Responses.docx

Jazmeen Discussion

Hypothesis testing is used to assess the plausibility of a hypothesis using sample data. A null hypothesis states that there’s no significant difference or effect between specified variables, while an alternative hypothesis claims that there’s an effect in the variables (Gerstman, 2015). My selected research question is, to what extent does gender influence the length of hospital stays for MI patients?

Null hypothesis: The length of hospital stay (LOS) for MI patients is not influenced by gender. 

Alternative hypothesis: Gender influences the LOS of hospitalization for MI patients. 

Statistical null hypothesis: H0:  μ1 = μ2

Statistical alternative hypothesis: Ha:  μ1≠ μ2 . This could also be represented as   Ha:  μ1 > μ2  or Ha:  μ1 < μ2.

Alternative phrasing 

Null hypothesis: there is no correlation between gender and LOS for the hospitalization of MI patients. 

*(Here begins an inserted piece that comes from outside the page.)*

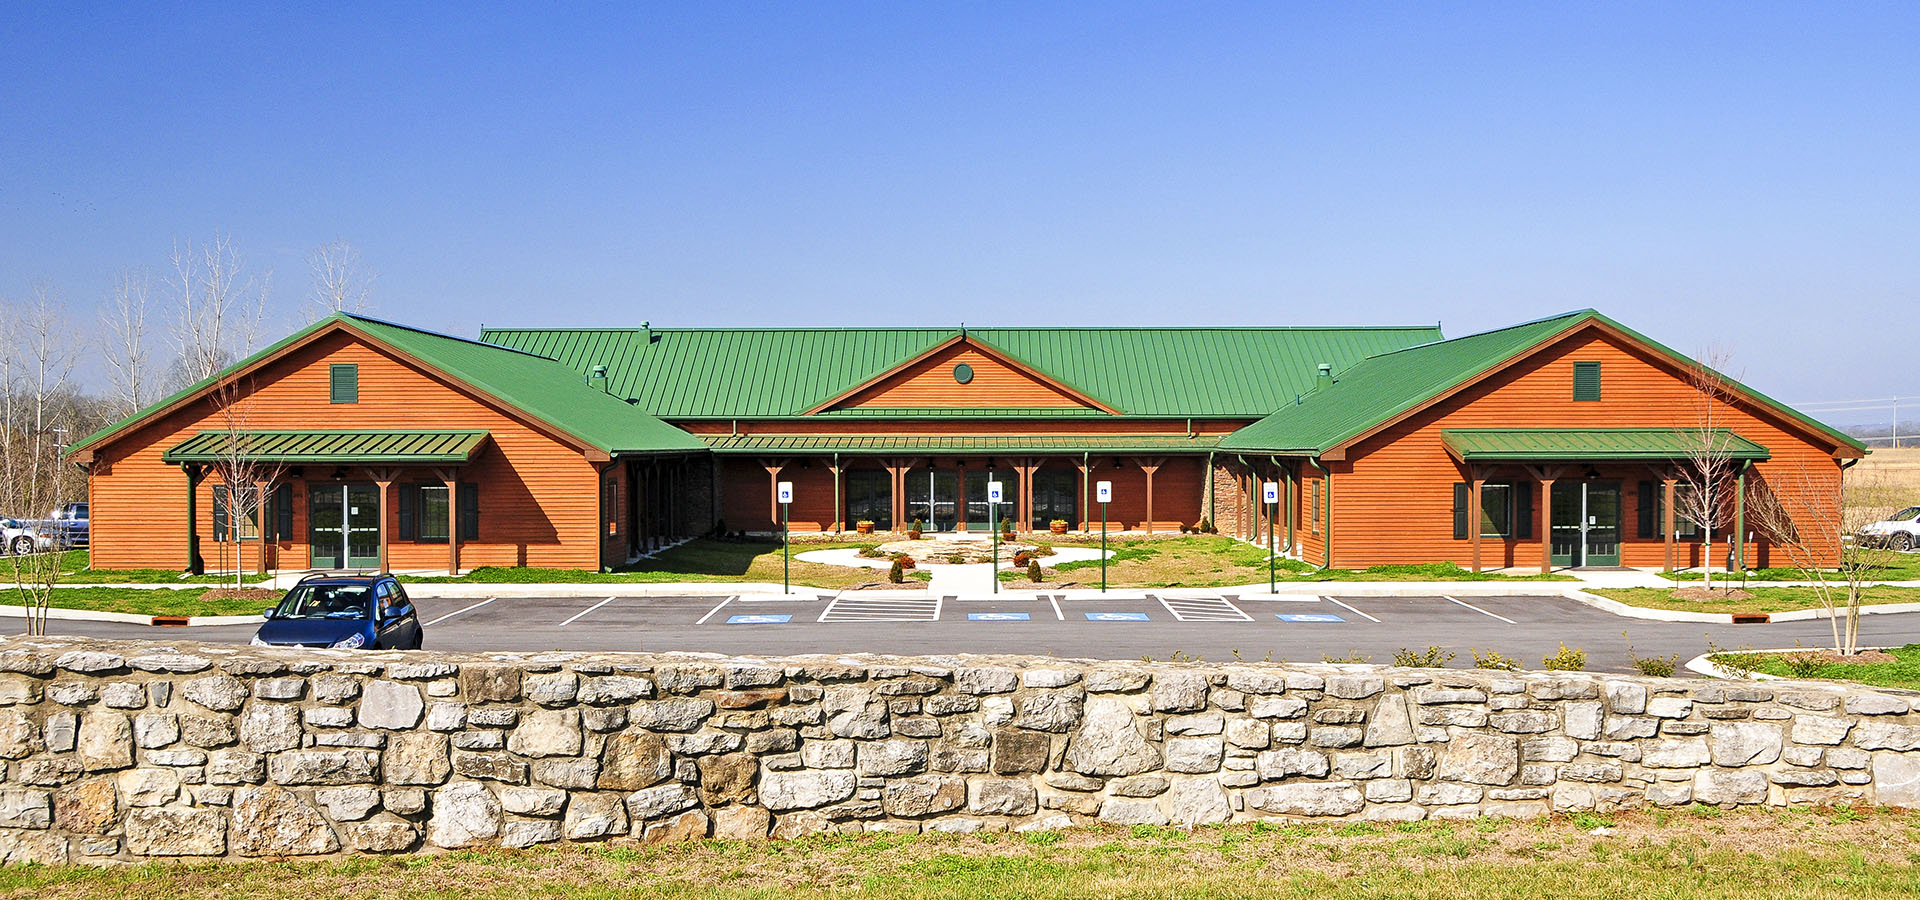 South Central TN Development Department | Mt. Pleasant, Tennessee | Brindley Construction, LLC.

Alternative hypothesis: There is a correlation seen between gender and LOS of hospitalized MI patients. You could also predict that female MI patients will have a longer LOS, or vice versa for males. 

References 

Gerstman, B. (2015). Basic Biostatistics: Statistics for Public Health Practice (2 ed.). Burlington, MA: Jones & Bartlett Learning.

Jackie Discussion:

4-1 Discussion: Choosing Hypotheses

Null hypotheses are best defined as there is no specific difference between variables, whereas, in alternative hypotheses, there is a difference/ relationship between the variables (Gertsman, 2015).

My chosen health question: To what extent do the ages of MI patients vary by gender?

The null hypothesis for this question is as follows; there is no extent to which the ages of MI patients vary by gender.

The alternative hypothesis is; there is an extent to which the ages of MI patients vary by gender.

Statistical Notation:

Null Hypothesis: H0 = µ1 = µ2

Alternative Hypothesis: Ha = µ1 ≠ µ2 OR µ1 ≤ µ2 OR µ1 ≥ µ2

There is also another which I could word the hypotheses whilst maintaining the same meaning as my original wording and will support this with alternative wording.

Null: there is no direct association between gender and the ages of MI patients.

Alternative: There is a direct association between gender and the ages of MI patients. For example, one could anticipate that males over 50 have more risk of having a MI than females over 50, whereas females over 50 could have more risk of having a MI over males.

References

Gerstman, B. (2015). Basic Biostatistics: Statistics for Public Health Practice (2 ed.).

Burlington, MA: Jones & Bartlett Learning.